__To do__: Would you return the data exactly as given, except for its pictures?

__Data extract__:
-----

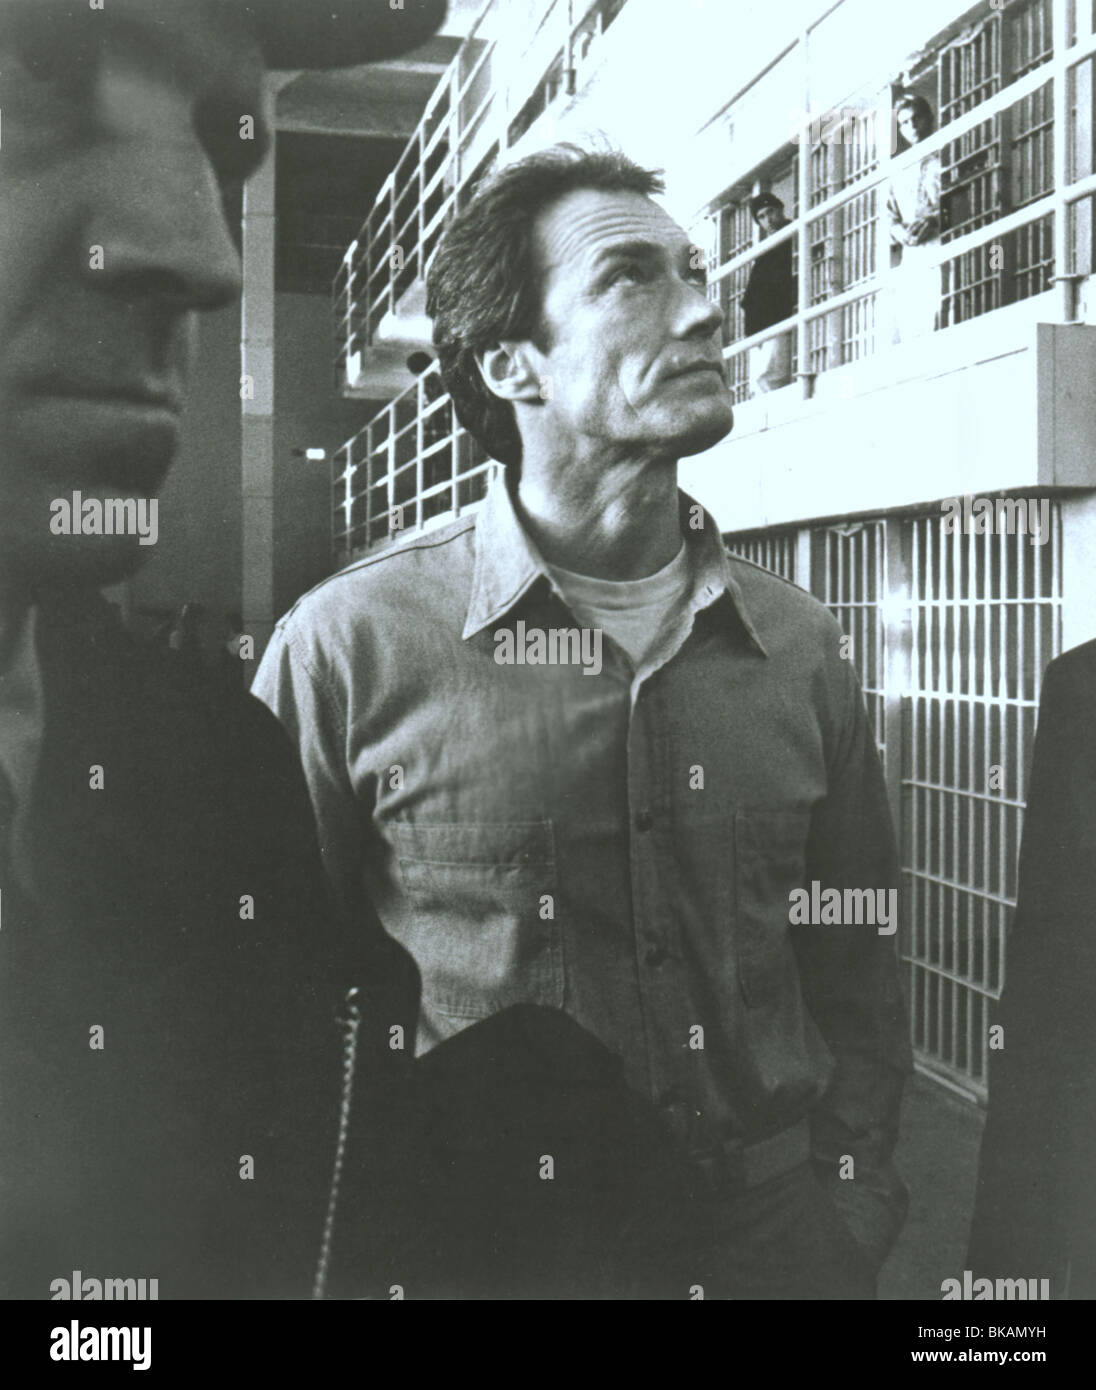 S'échapper d'Alcatraz (1979) CLINT EASTWOOD ALE 002P Banque D'Images
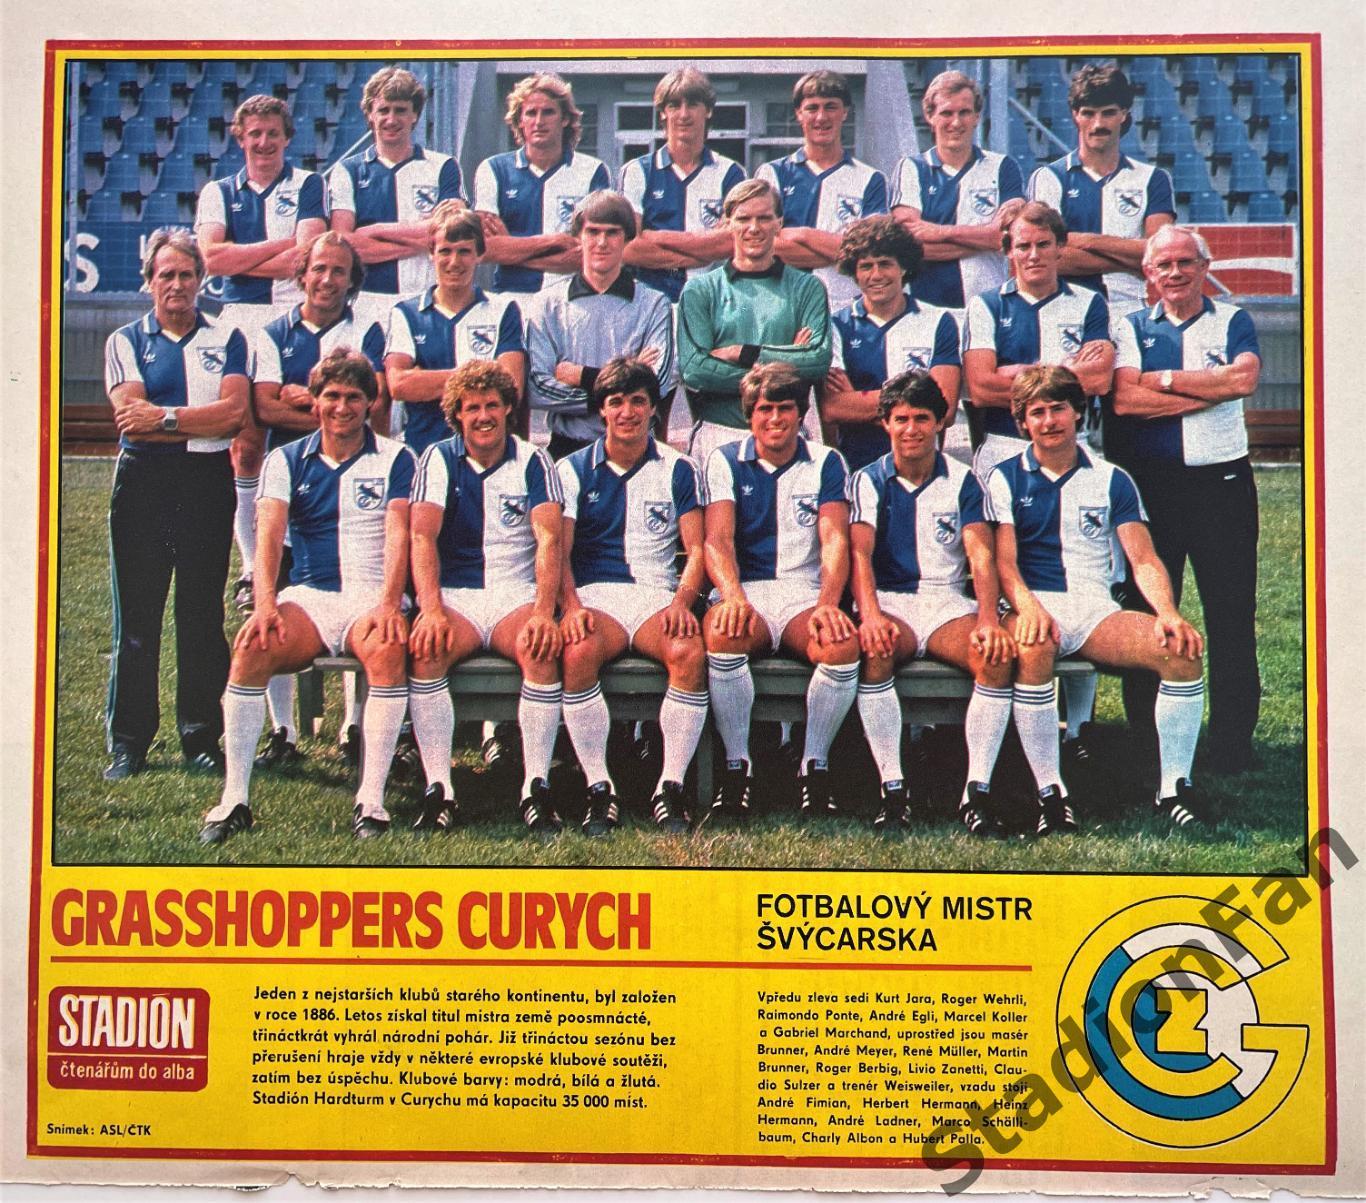 Постер из журнала Стадион (Stadion) - Grasshoppers, 1982.
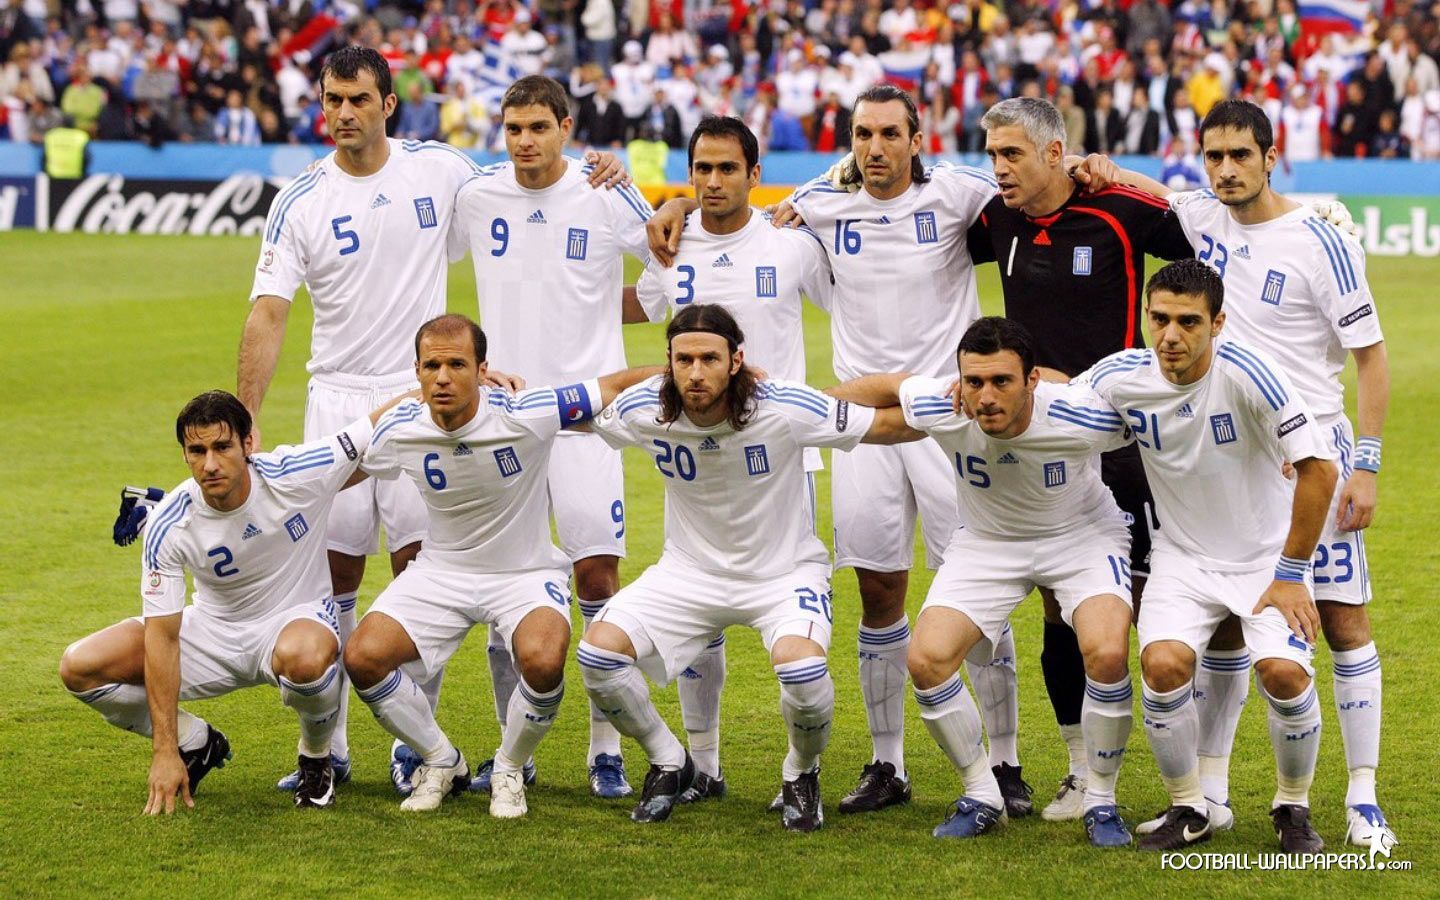 greece national football team. National football teams, Football team, Football
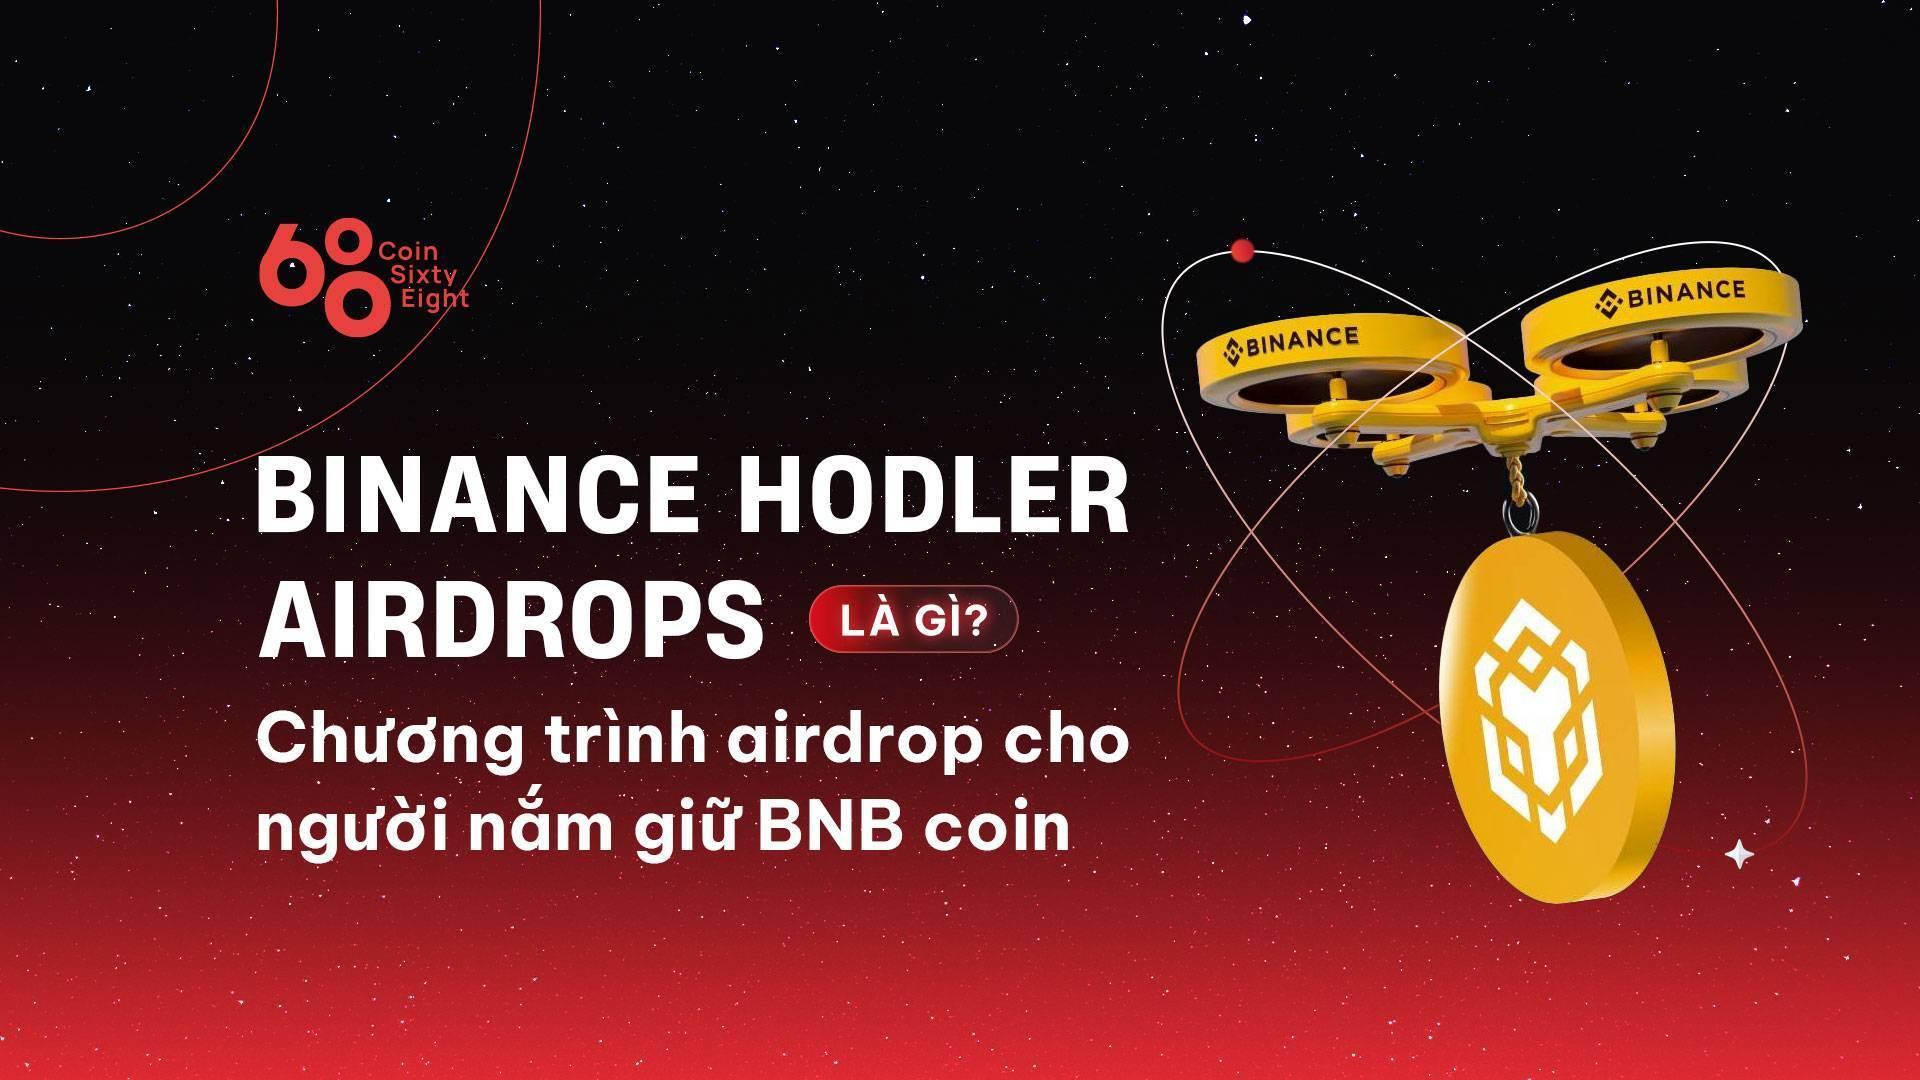 binance-hodler-airdrops-la-gi-chuong-trinh-airdrop-cho-nguoi-nam-giu-bnb-coin

-----

__Answer section__:
 S'échapper d'Alcatraz (1979) CLINT EASTWOOD ALE 002P Banque D'Images
 Постер из журнала Стадион (Stadion) - Grasshoppers, 1982.
 greece national football team. National football teams, Football team, Football
 binance-hodler-airdrops-la-gi-chuong-trinh-airdrop-cho-nguoi-nam-giu-bnb-coin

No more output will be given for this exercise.